L’École Cathédrale : bilan et perspectives

JPEG - 29 ko
Le P. Éric Morin, docteur en théologie, nouveau directeur des cours publics et de l’Institut Supérieur des Sciences Religieuses (ISSR) à partir de septembre.
D.R.

PN.-D. – Quelles sont pour vous les grandes réussites de l’École Cathédrale depuis la création du Collège des Bernardins ?

P. Éric Morin – L’École Cathédrale existe depuis plus de vingt ans. Son implantation au sein du Collège des Bernardins, il y a cinq ans, a été un enrichissement réciproque de notoriété : des publics plus variés se sont rencontrés et se sont vu proposer une palette plus large de formations pour approfondir leur connaissance du Christ, au sein du dialogue entre la foi et la culture contemporaine. Le cadre multiséculaire dans lequel se déroulent maintenant les activités de l’École Cathédrale donne un enracinement à son travail de recherche, de découverte, de dialogue et d’enseignement.

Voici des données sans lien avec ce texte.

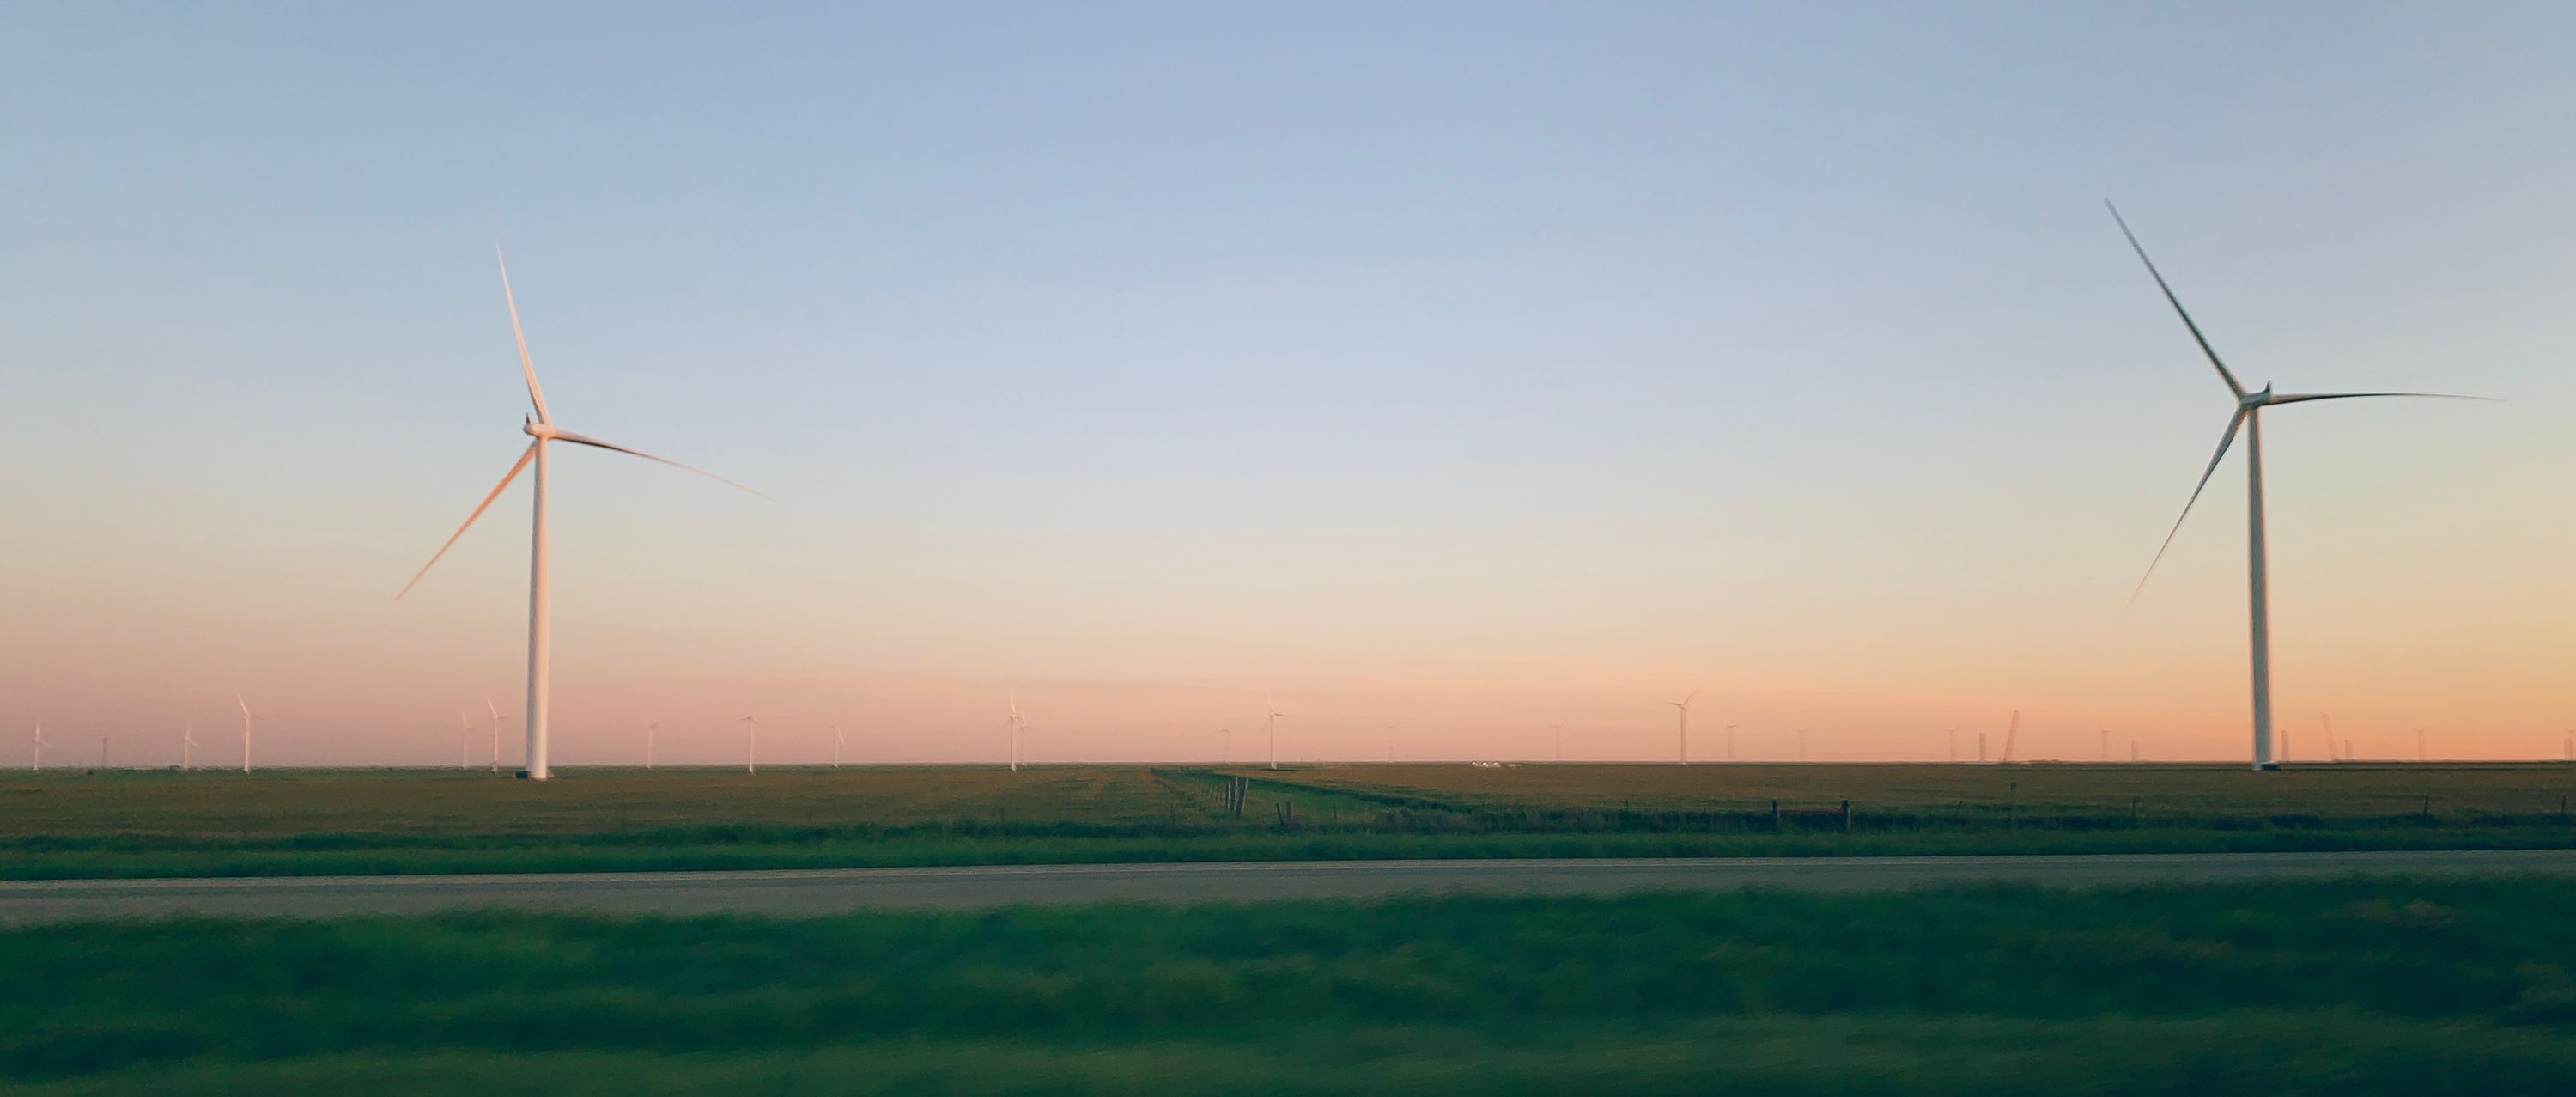 Some windmills in Texas near dusk

Nous sommes les héritiers de cette tradition de foi et de vie dont Benoît XVI nous a donné le ressort en inaugurant le Collège : chercher Dieu.

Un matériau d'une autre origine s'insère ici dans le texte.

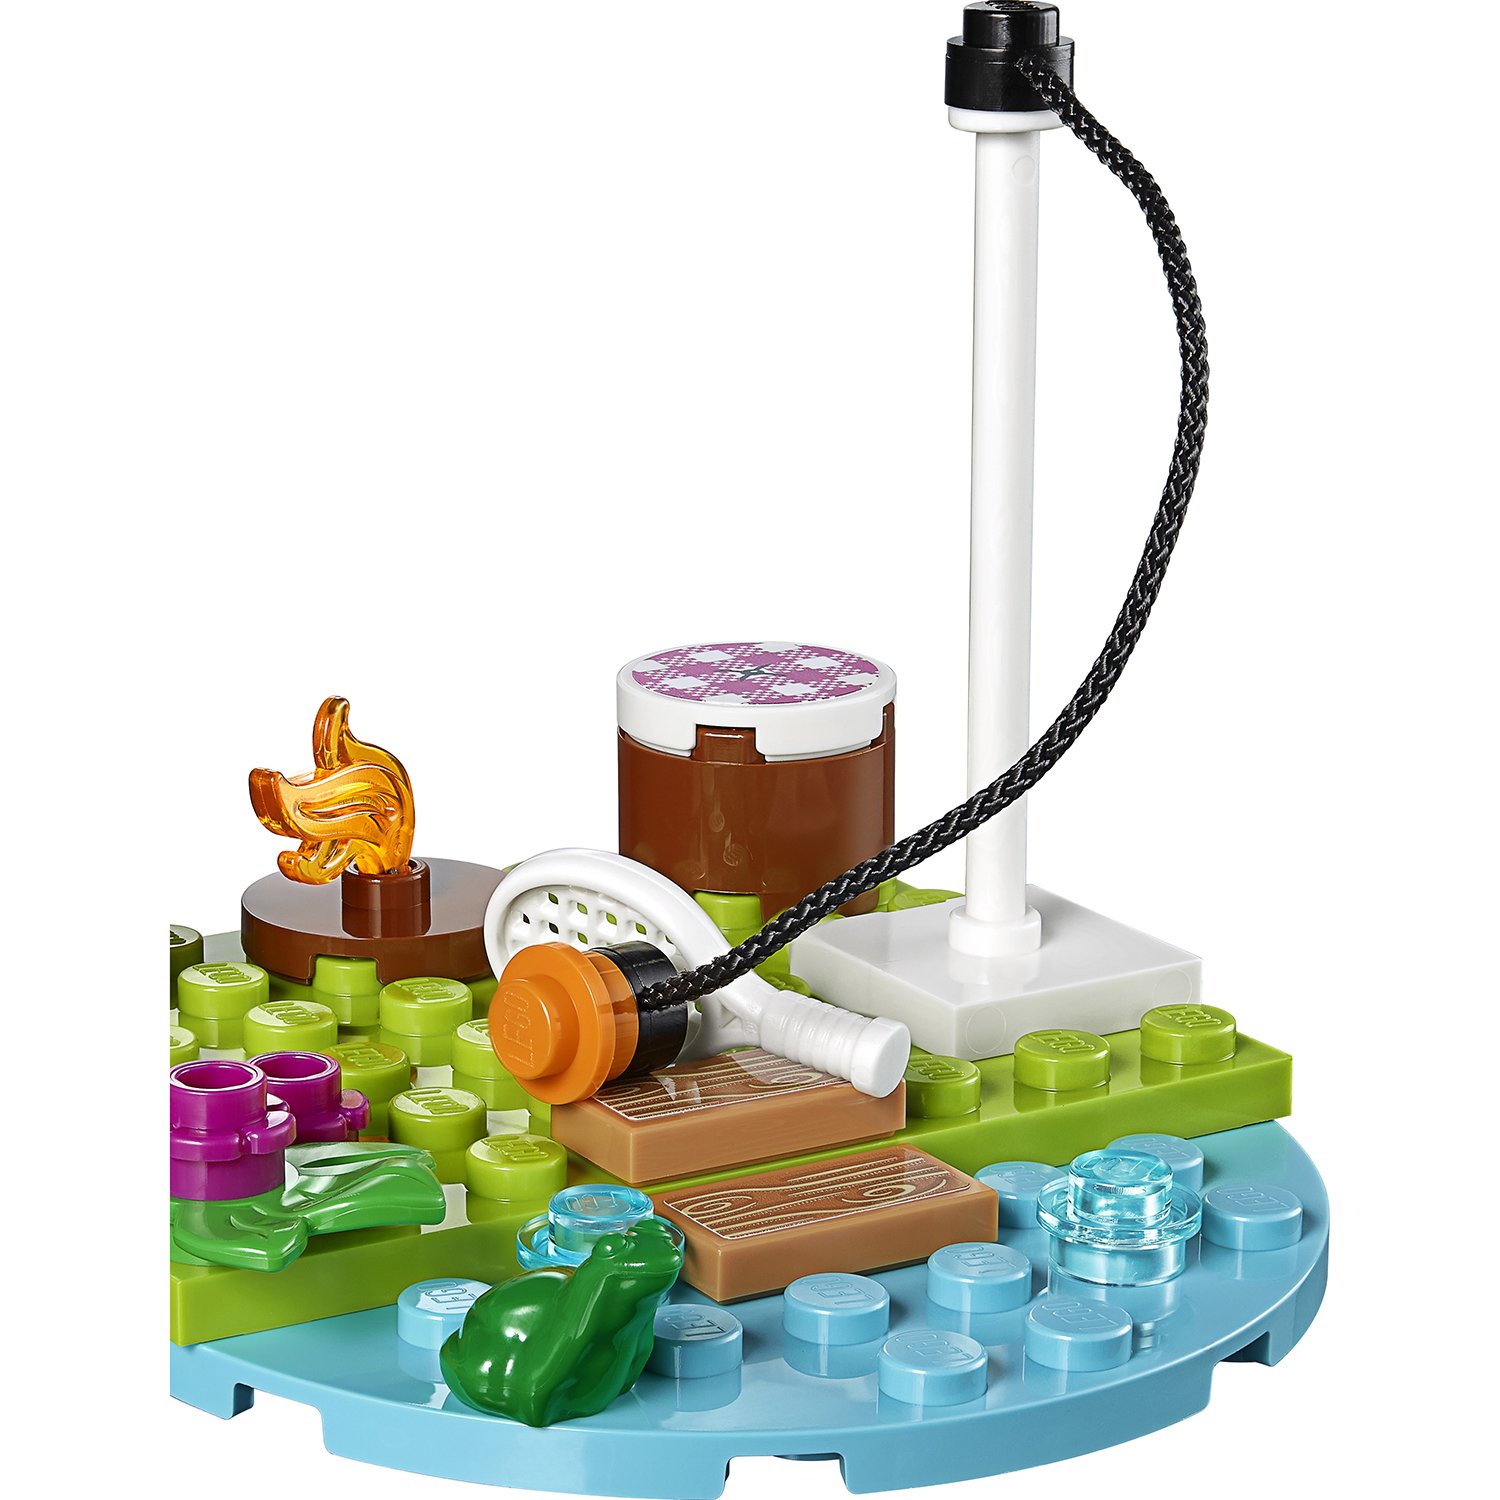 Конструктор Lego® Friends - Багги с прицепом Стефани

P. N.-D. – Quelles sont les évolutions ou orientations que vous souhaiteriez donner aux cours publics et à l’Institut Supérieur de Sciences Religieuses (ISRR) ?

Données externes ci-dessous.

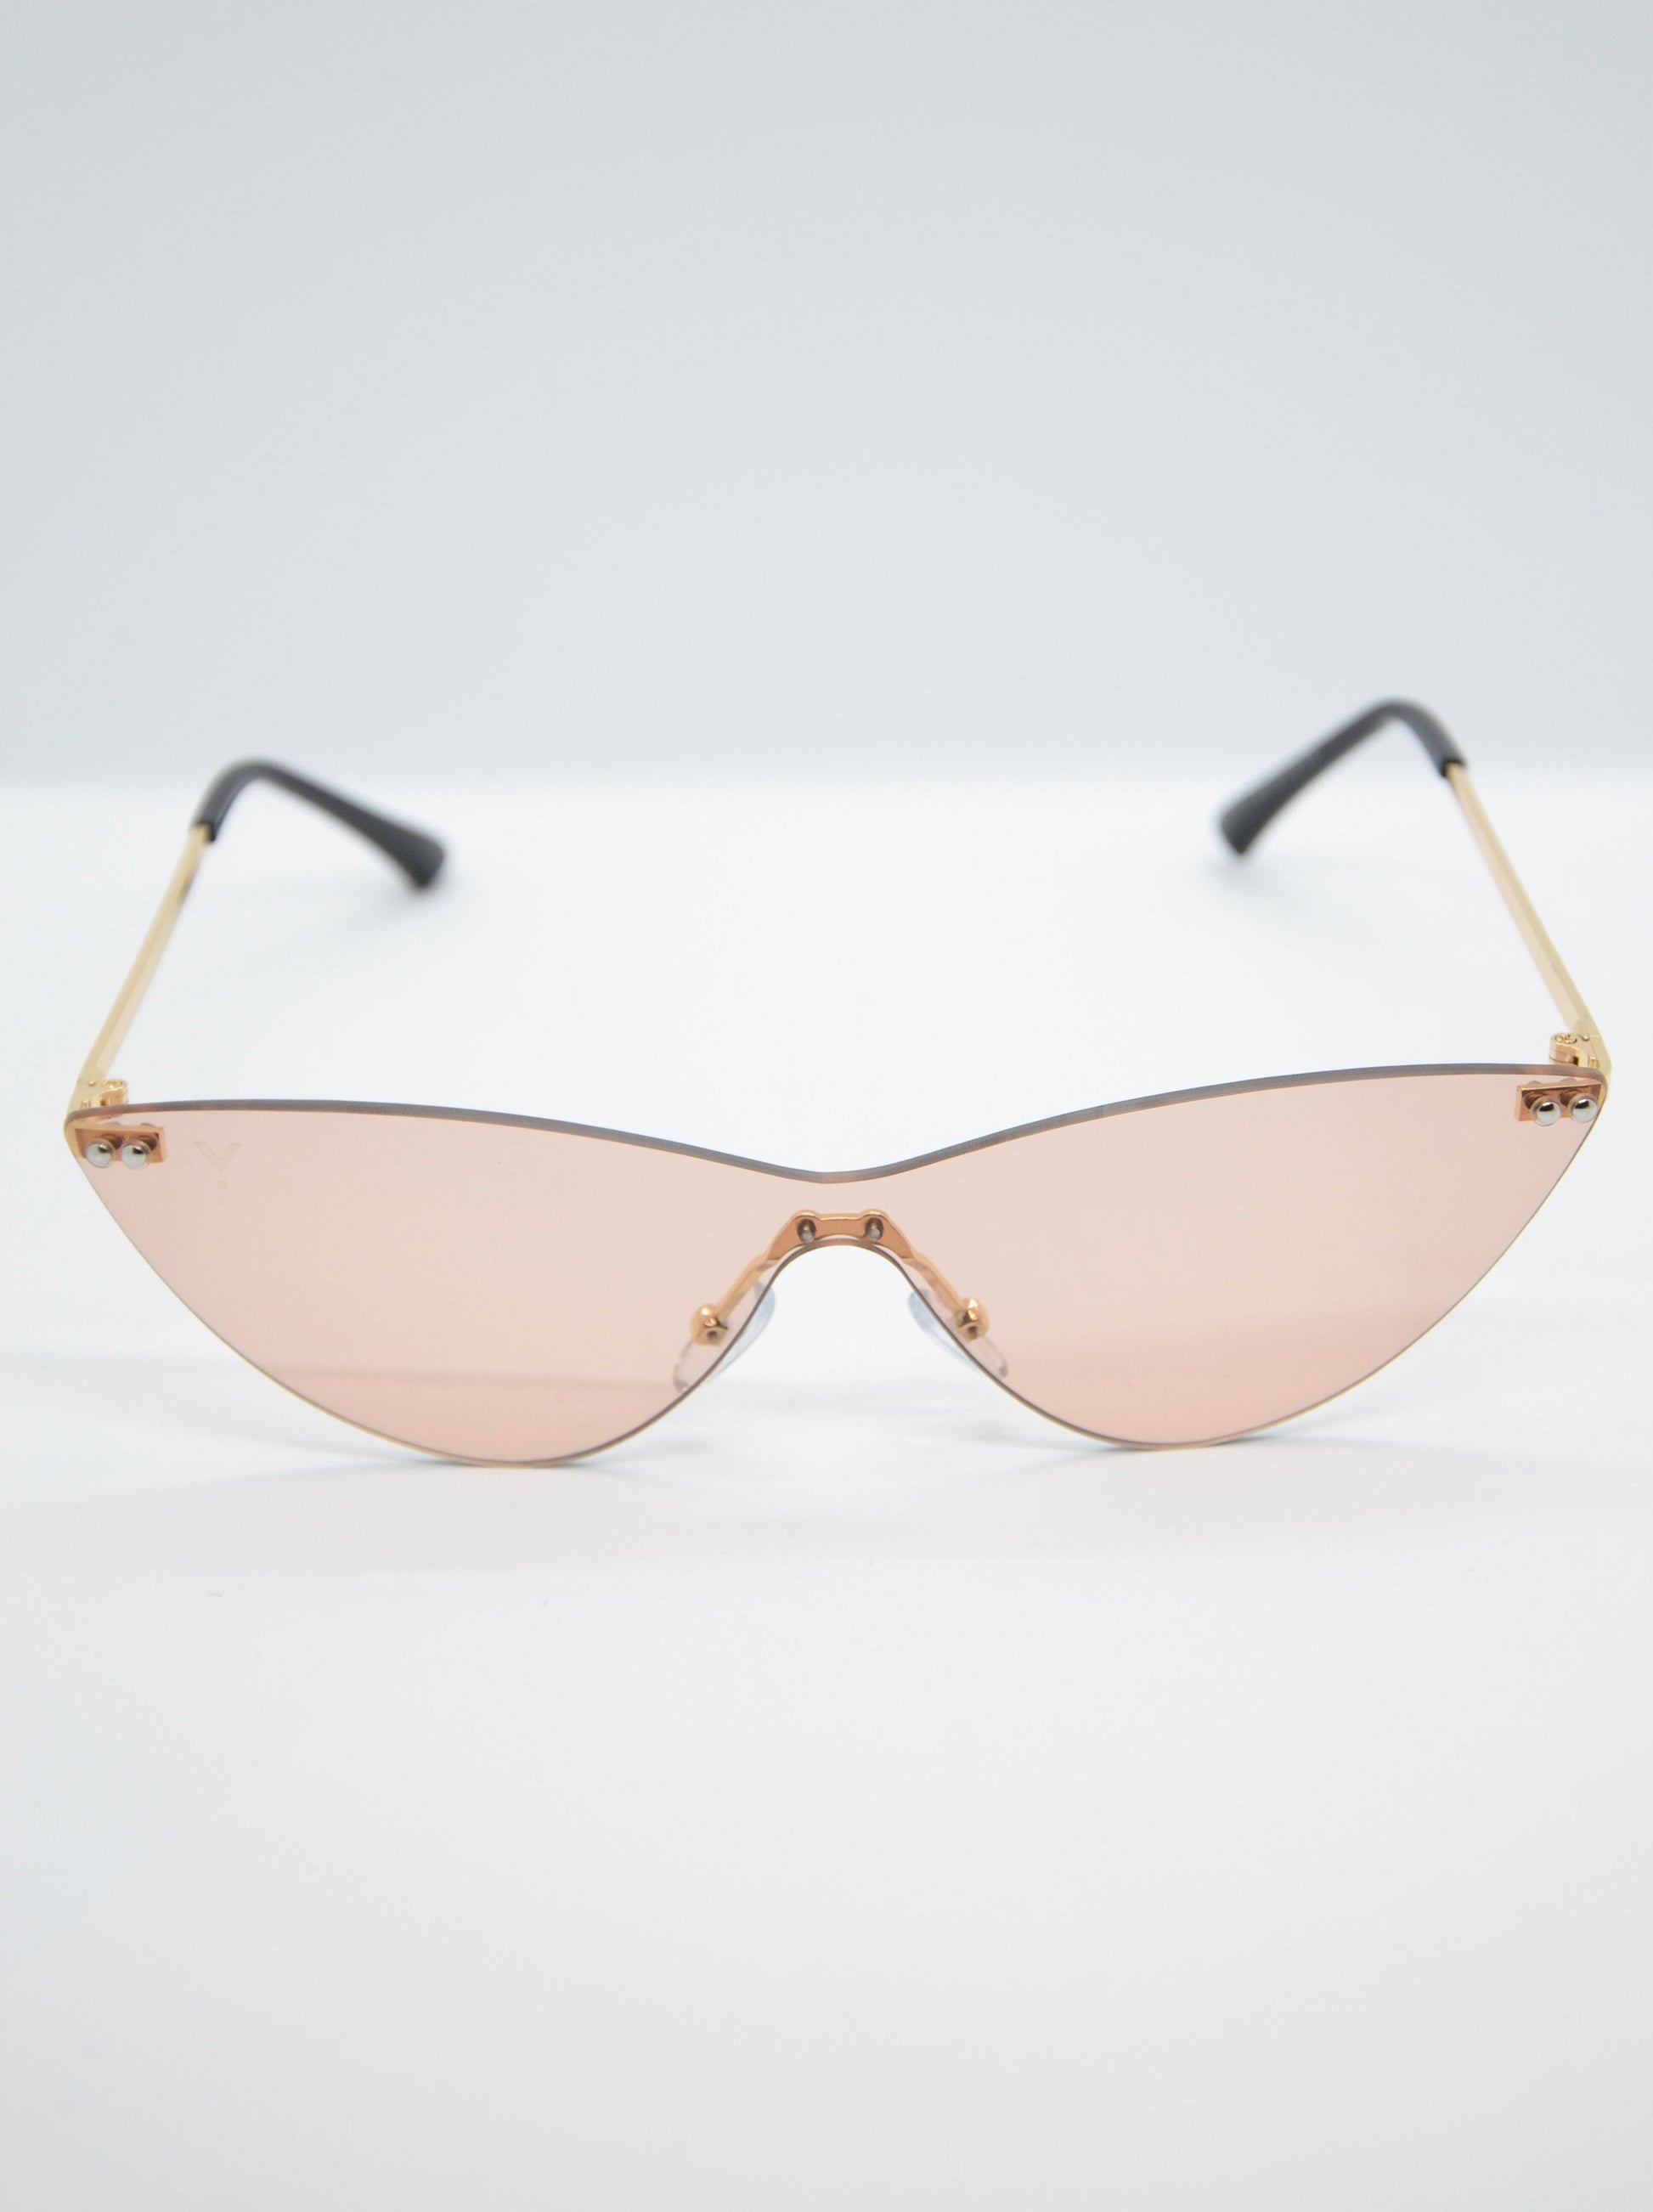 Inex - Sunglasses | AVAYOS

P. E. M. – Pour l’instant, il me faut mieux connaître le corps professoral. Avec mes prédécesseurs, j’ai pu déjà rencontrer chacun des enseignants au long de cette année. C’est en continuant d’échanger avec eux que je pourrais apprécier à sa véritable valeur le trésor de compétences dont nous disposons pour faire évoluer la proposition et en élaborer de nouvelles. Les idées ne manquent pas. Comment mieux exploiter les cours mis sur internet ? Comment mieux adapter les horaires et les contenus aux exigences et aux intérêts des personnes qui travaillent ? Comment mieux faire dialoguer la formation avec les autres propositions du Collège ? En plus de cela, l’année prochaine, nous mettrons en place un autre cycle d’études à l’ISRR. Le travail préparatoire a été fait par mes prédécesseurs, aussi suis-je sans inquiétude ! L’objectif est de permettre aux étudiants non plus seulement de profiter du dialogue entre la Révélation et la culture de notre temps, mais aussi d’avoir une réflexion suffisamment structurée afin qu’ils puissent eux-mêmes être en situation de dialogue.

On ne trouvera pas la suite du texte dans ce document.